Regardless of whether or not or not one factor is a composition or an affiliation, there are events the place you merely want to know what a specific particular person’s current main determine is, with out having to assemble superior queries to hunt out it. This is the place inferred triples come into play. An inferred triple is normally generated, each by means of a SPARQL Update query or as a a part of a CONSTRUCT (these are type of the an identical, relying upon how inferred triples are continued).

For event, the following SPARQL Query will change the primary determine for a specific particular person to the required price:

# Update Primary Name

delete {

    ?Person Person:hasPrimaryName ?outdatedPrimaryName;

            Person:hasPrimaryNameString ?oldFullName.

    }

insert {

    ?Person Person:hasPrimaryName ?newPrimaryName;

            Person:hasPrimaryNameString ?newFullName.

    }

the place {

    values (?Person ?newPrimaryName) {(Person:_JaneDoe PersonName:_JaneDoeBeginName)}

    ?Person Person:hasPrimaryName ?outdatedPrimaryName

    ?Person Person:hasPrimaryNameString ?oldFullName.

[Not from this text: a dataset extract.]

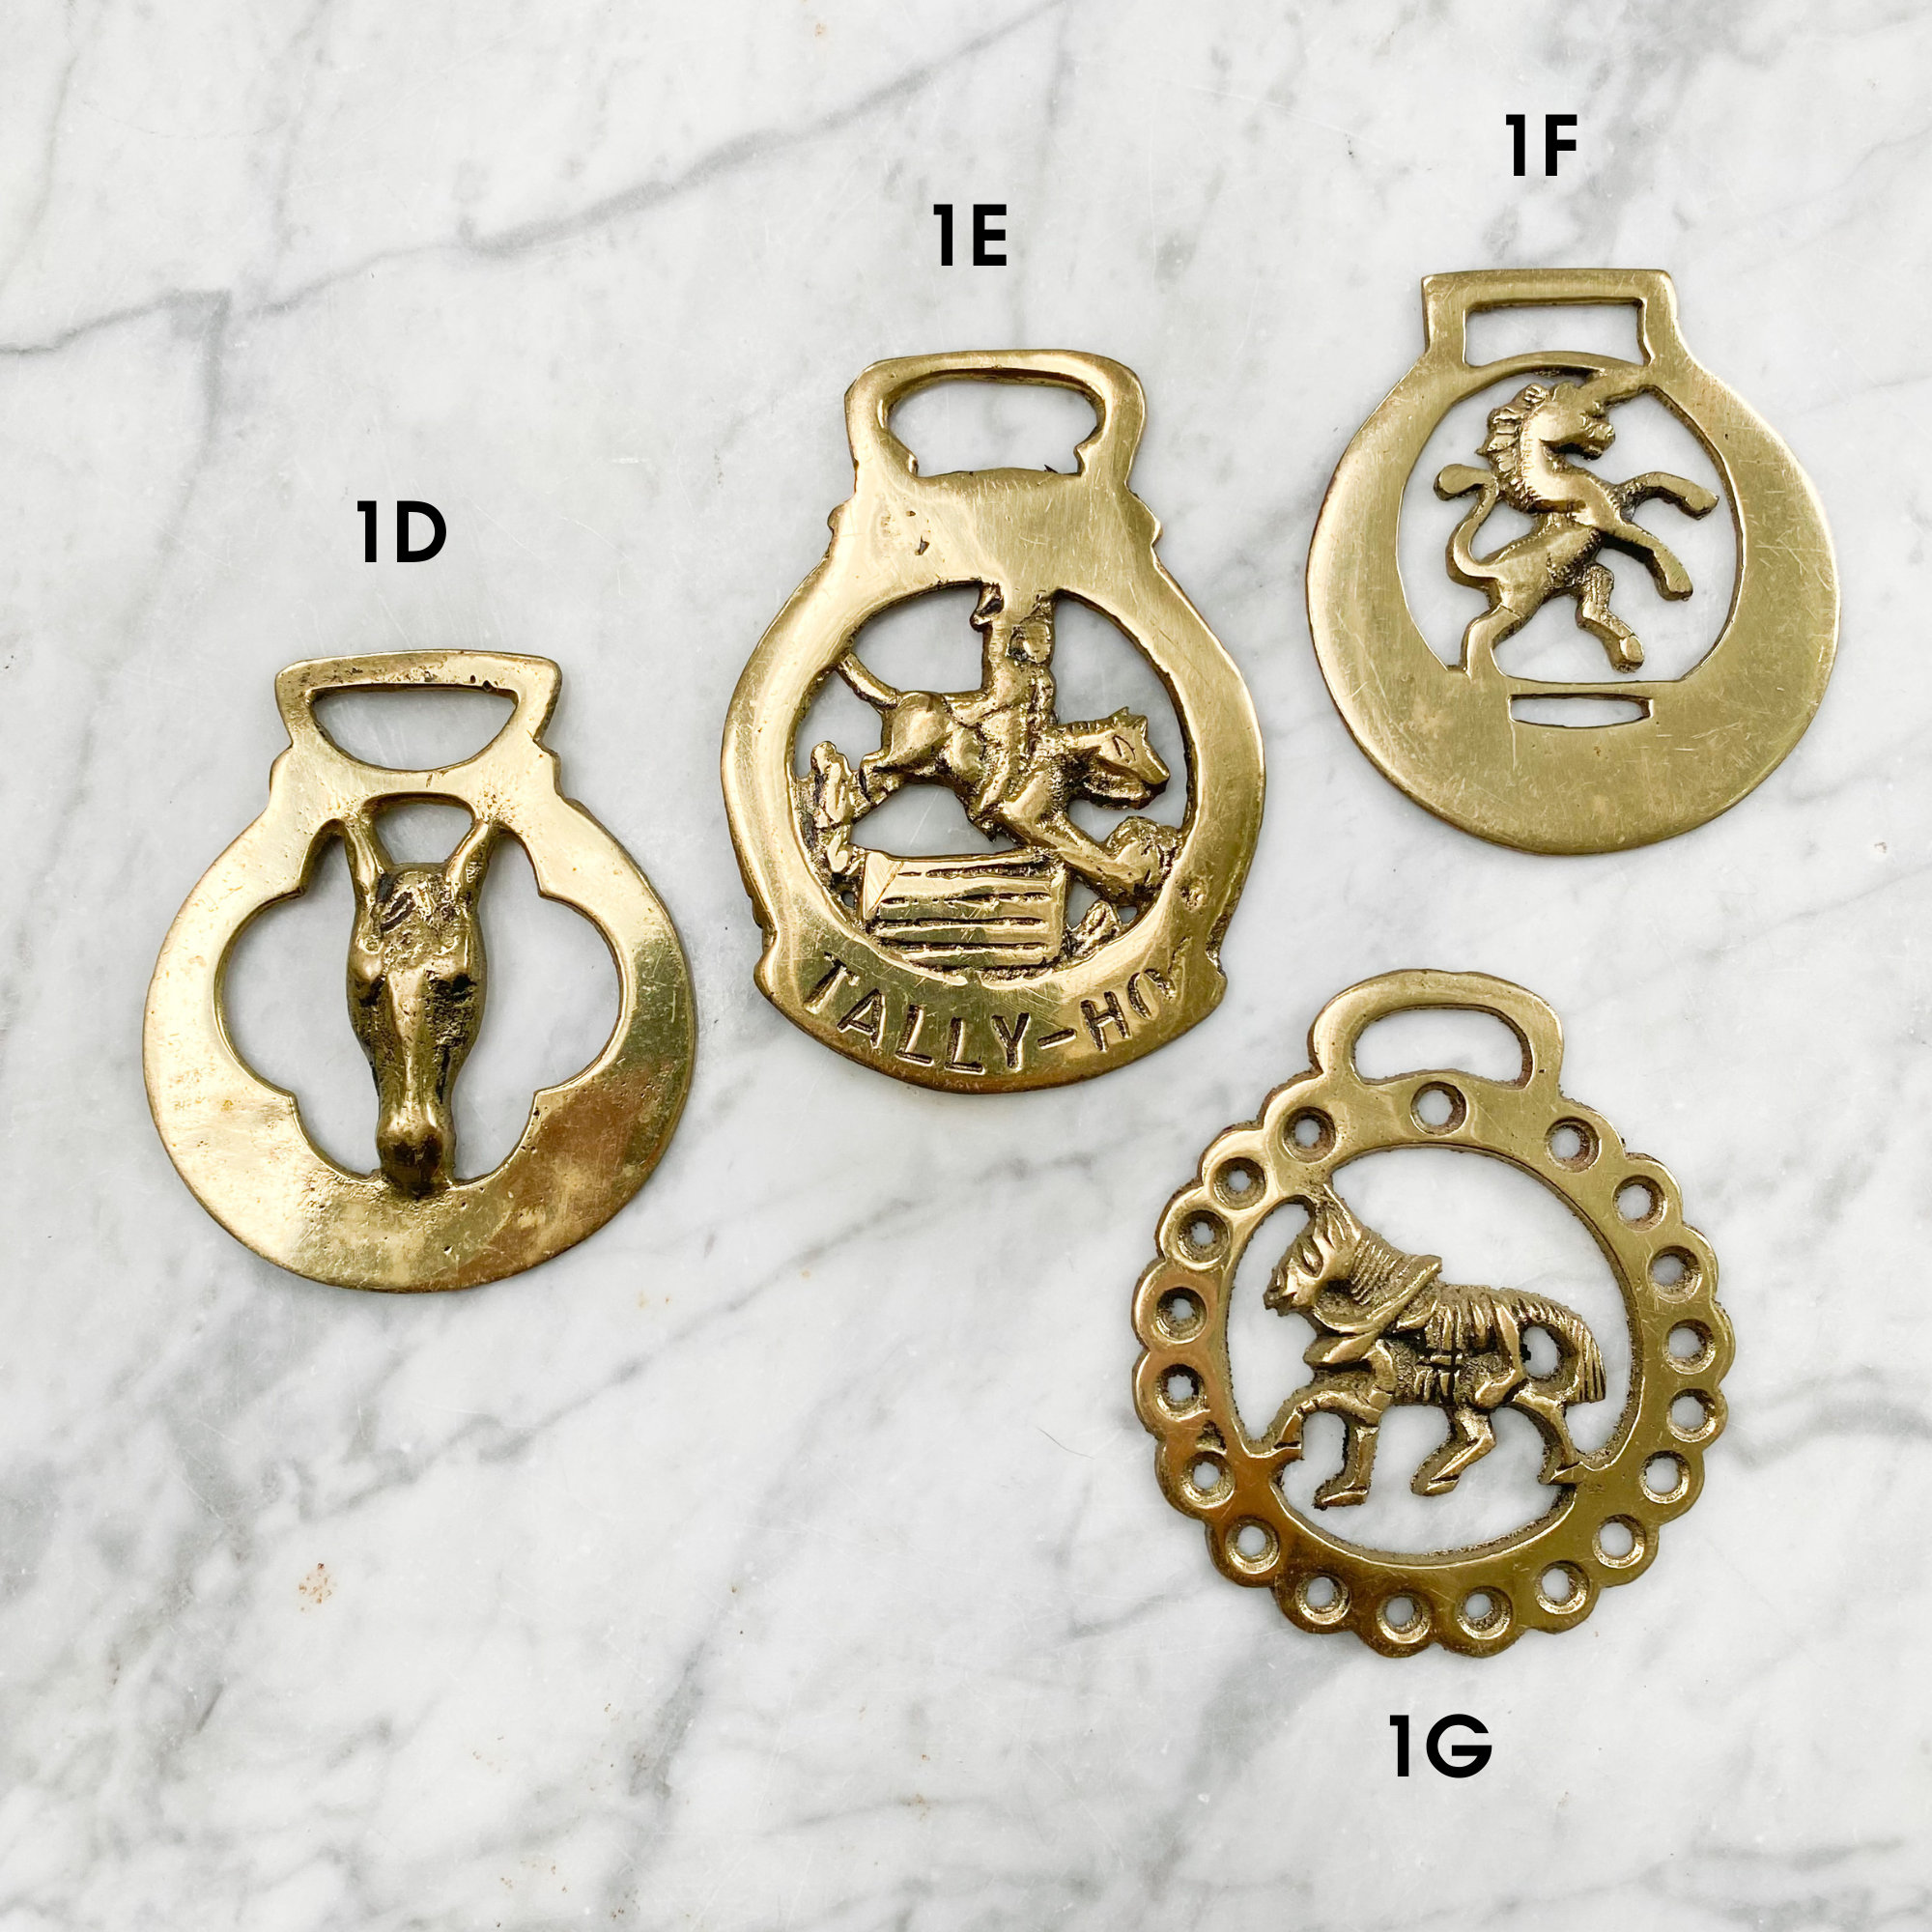 Vintage English Horse Brass Medallions Sold Individually, Brass Bridle  Harness Medals, Antique Vintage Horse Brass Ornaments Made in England

    ?newPrimaryName PersonName:hasFullName ?newFullName.

    }

   

   

Inferred triples are ceaselessly transitory assertions – they mirror the default price from a set of objects, nonetheless which will change, and ceaselessly they provide a strategy of shortcircuiting superior queries. For event Person:hasPrimaryNameString is the string illustration of the default personal determine, This might be made far more extremely efficient by making that particular person property the subproperty of 1 factor like skos:prefLabel (assuming a major inference engine), so that a naive query, equal to:

select ?s ?determine the place {

    ?s skos:prefLabel ?determine.

    filter (accommodates(?determine,’Jane Doe’))

}

will return a file of all entities which have a main label of “Jane Doe” in them. Note that this isn’t a terribly surroundings pleasant query, nonetheless it might be helpful, nonetheless.

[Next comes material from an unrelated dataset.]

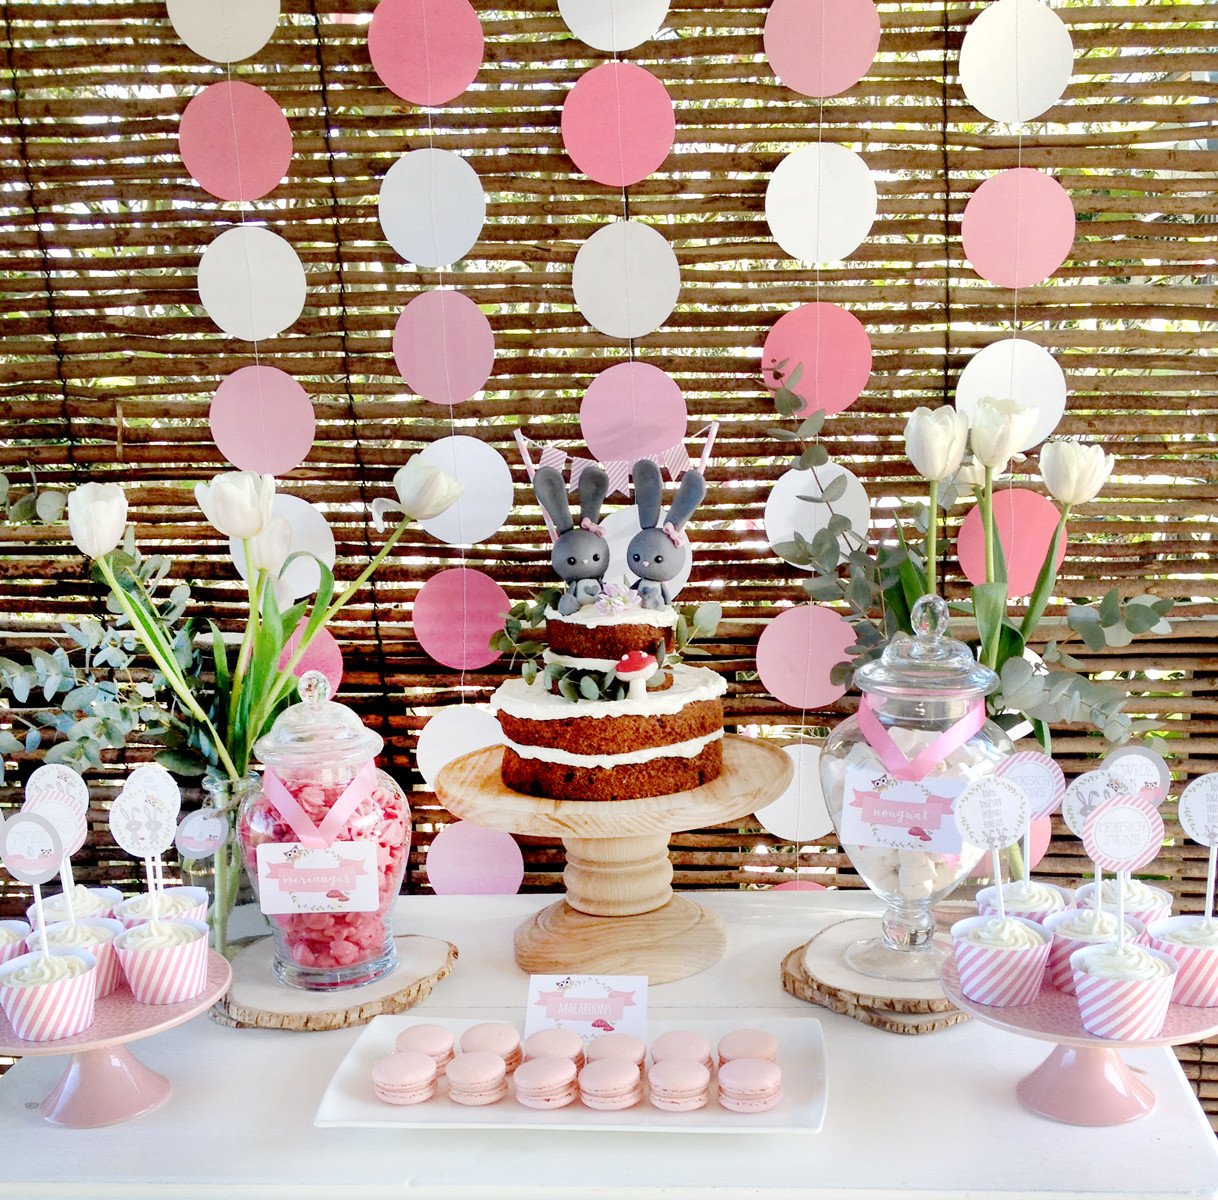 Gorgeous Baby Shower Ideas for twin girls baby shower, in stylish pink and gray

So whilst you’re fascinated in regards to the design of your fashions, set up these properties that you just’d intuitively want to see for the programs in question which may be inferred or derived, and in influence pre-generate or change these properties as a result of the state of the factor changes so that your clients don’t ought to assemble superior queries. Remember, a triple retailer is an index, and such actions might be thought-about optimizing that index.

Summary

Modeling, when it comes correct all the best way all the way down to it, is the strategy of questioning your assumptions and optimizations. An monumental problem that arises with most typical SQL packages is that many database modelers optimize for complexity by reducing the number of database tables and joins, nonetheless this moreover reduces the contextual metadata that is increasingly a requirement in within the current day’s information rich world.